Note that in the backpropagator we don't call `data(a)`

; we *do* in fact want to track this, since nest AD will take a derivative through the backpropagator itself. For example, the gradient of `*`

might look like this.

`@grad a * b = data(a)*data(b), Δ -> (Δ*b, a*Δ)`

We can then calculate the first derivative of `minus`

as follows:

```
a = param([1,2,3])
b = param([3,2,1])
c = minus(a, b) # [-2.0 (tracked), 0.0 (tracked), 2.0 (tracked)]
Tracker.back!(c, 1)
Tracker.grad(a) # [1.00, 1.00, 1.00]
Tracker.grad(b) # [-1.00, -1.00, -1.00]
```

For multi-argument functions with custom gradients, you likely want to catch not just `minus(::TrackedArray, ::TrackedArray)`

but also `minus(::Array, TrackedArray)`

and so on. To do so, just define those extra signatures as needed:

```
minus(a::AbstractArray, b::TrackedArray) = Tracker.track(minus, a, b)
minus(a::TrackedArray, b::AbstractArray) = Tracker.track(minus, a, b)
```

## Tracked Internals

All `Tracked*`

objects (`TrackedArray`

, `TrackedReal`

) are light wrappers around the `Tracked`

type, which you can access via the `.tracker`

field.

```
julia> x.tracker
Flux.Tracker.Tracked{Array{Float64,1}}(0x00000000, Flux.Tracker.Call{Nothing,Tuple{}}(nothing, ()), true, [5.0, 6.0], [-2.0, -2.0])
```

The `Tracker`

stores the gradient of a given object, which we've seen before.

```
julia> x.tracker.grad
2-element Array{Float64,1}:
-2.0
-2.0
```

The tracker also contains a `Call`

object, which simply represents a function call that was made at some point during the forward pass. For example, the `+`

call would look like this:

```
julia> Tracker.Call(+, 1, 2)
Flux.Tracker.Call{Base.#+,Tuple{Int64,Int64}}(+, (1, 2))
```

In the case of the `y`

we produced above, we can see that it stores the call that produced it – that is, `W*x`

.

```
julia> y.tracker.f
Flux.Tracker.Call{...}(*, (param([1.0 2.0; 3.0 4.0]), param([5.0, 6.0])))
```

Notice that because the arguments to the call may also be tracked arrays, storing their own calls, this means that `Tracker`

ends up forming a data structure that records everything that happened during the forward pass (often known as a *tape*).
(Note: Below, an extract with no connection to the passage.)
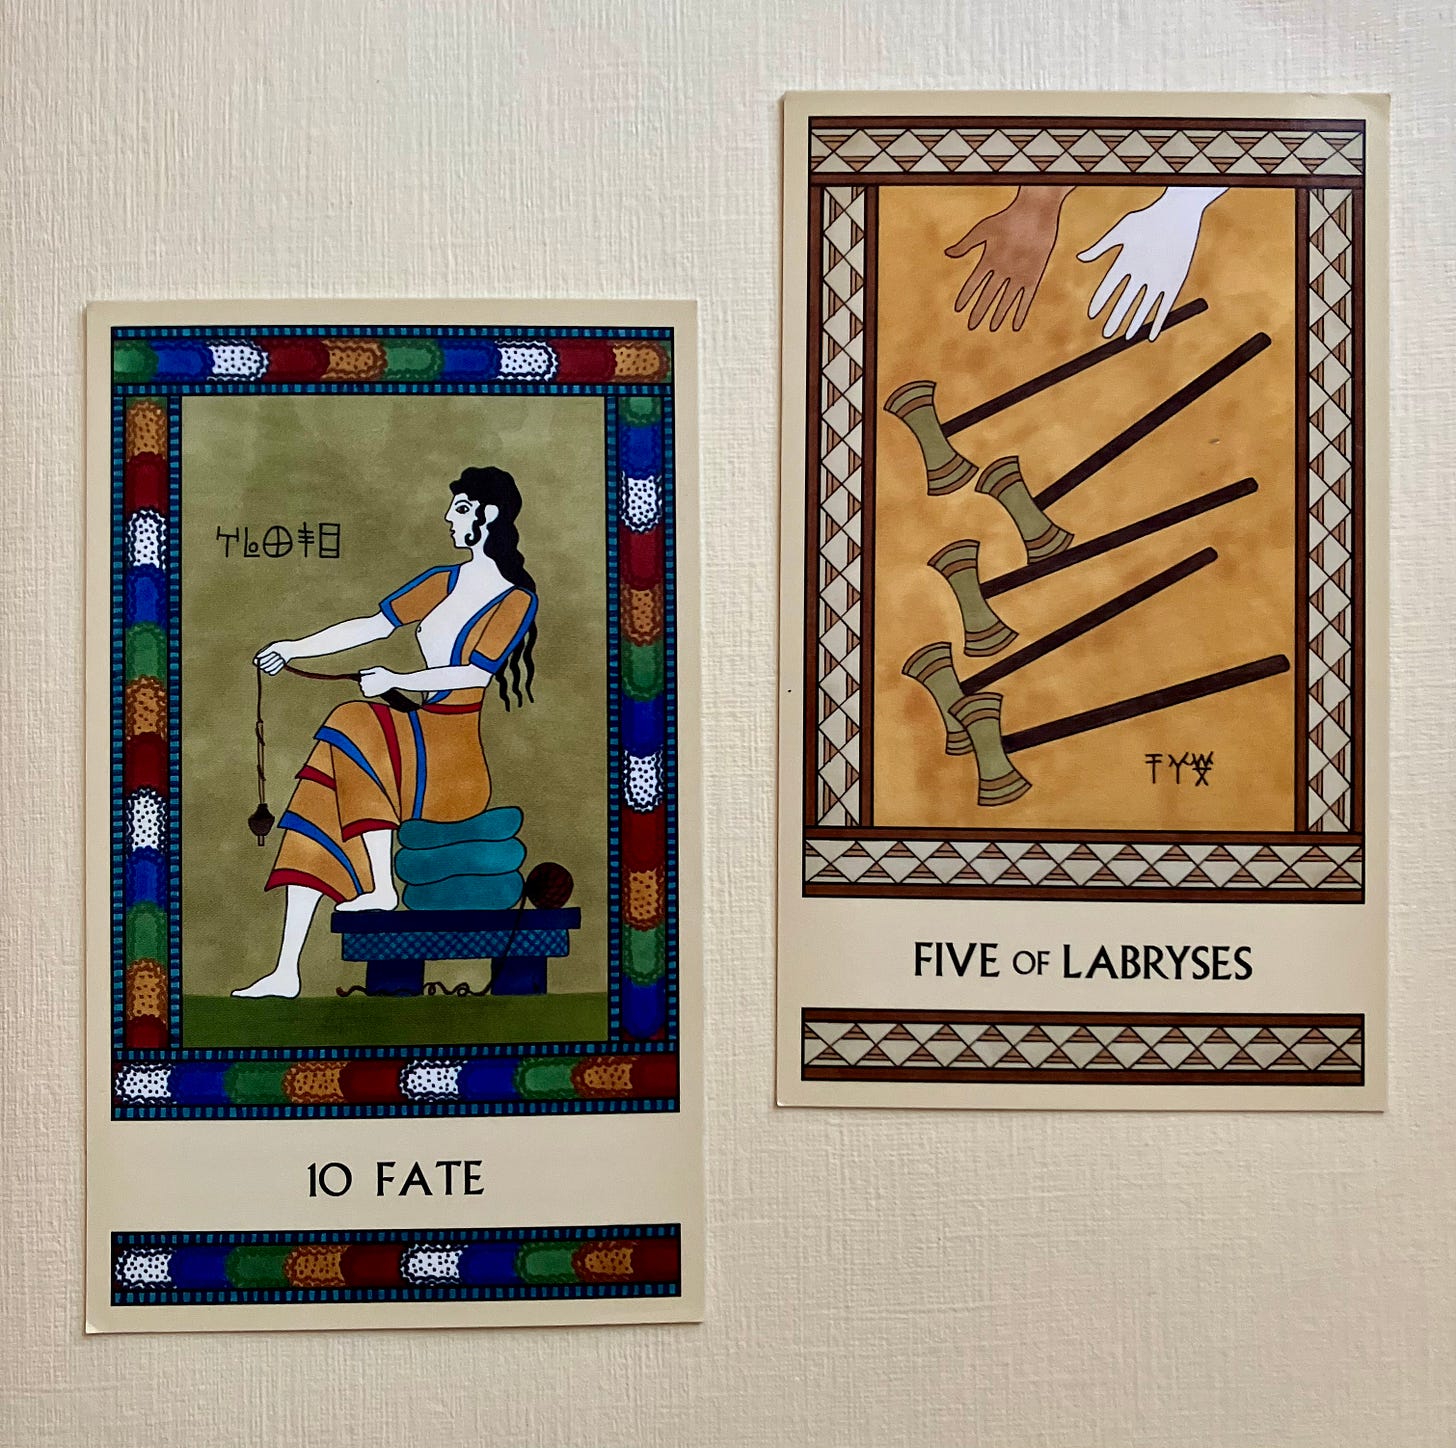 Two Minoan Tarot cards side by side on a cream background. The Fate card has a multicolor border. It pictures a Minoan woman seated on a pile of cushions, facing left, holding a drop spindle as she spins thread. The Five of Labryses is in shades of gold and tan. It shows two hands letting go of five labryses, allowing them to fall through the air.

When we call `back!(y, [1, -1])`

, the sensitivities `[1, -1]`

simply get forwarded to `y`

's call (`*`

), effectively calling

`Tracker.back(*, [1, -1], W, x)`

which in turn calculates the sensitivities of the arguments (`W`

and `x`

) and back-propagates through their calls. This is recursive, so it will walk the entire program graph and propagate gradients to the original model parameters.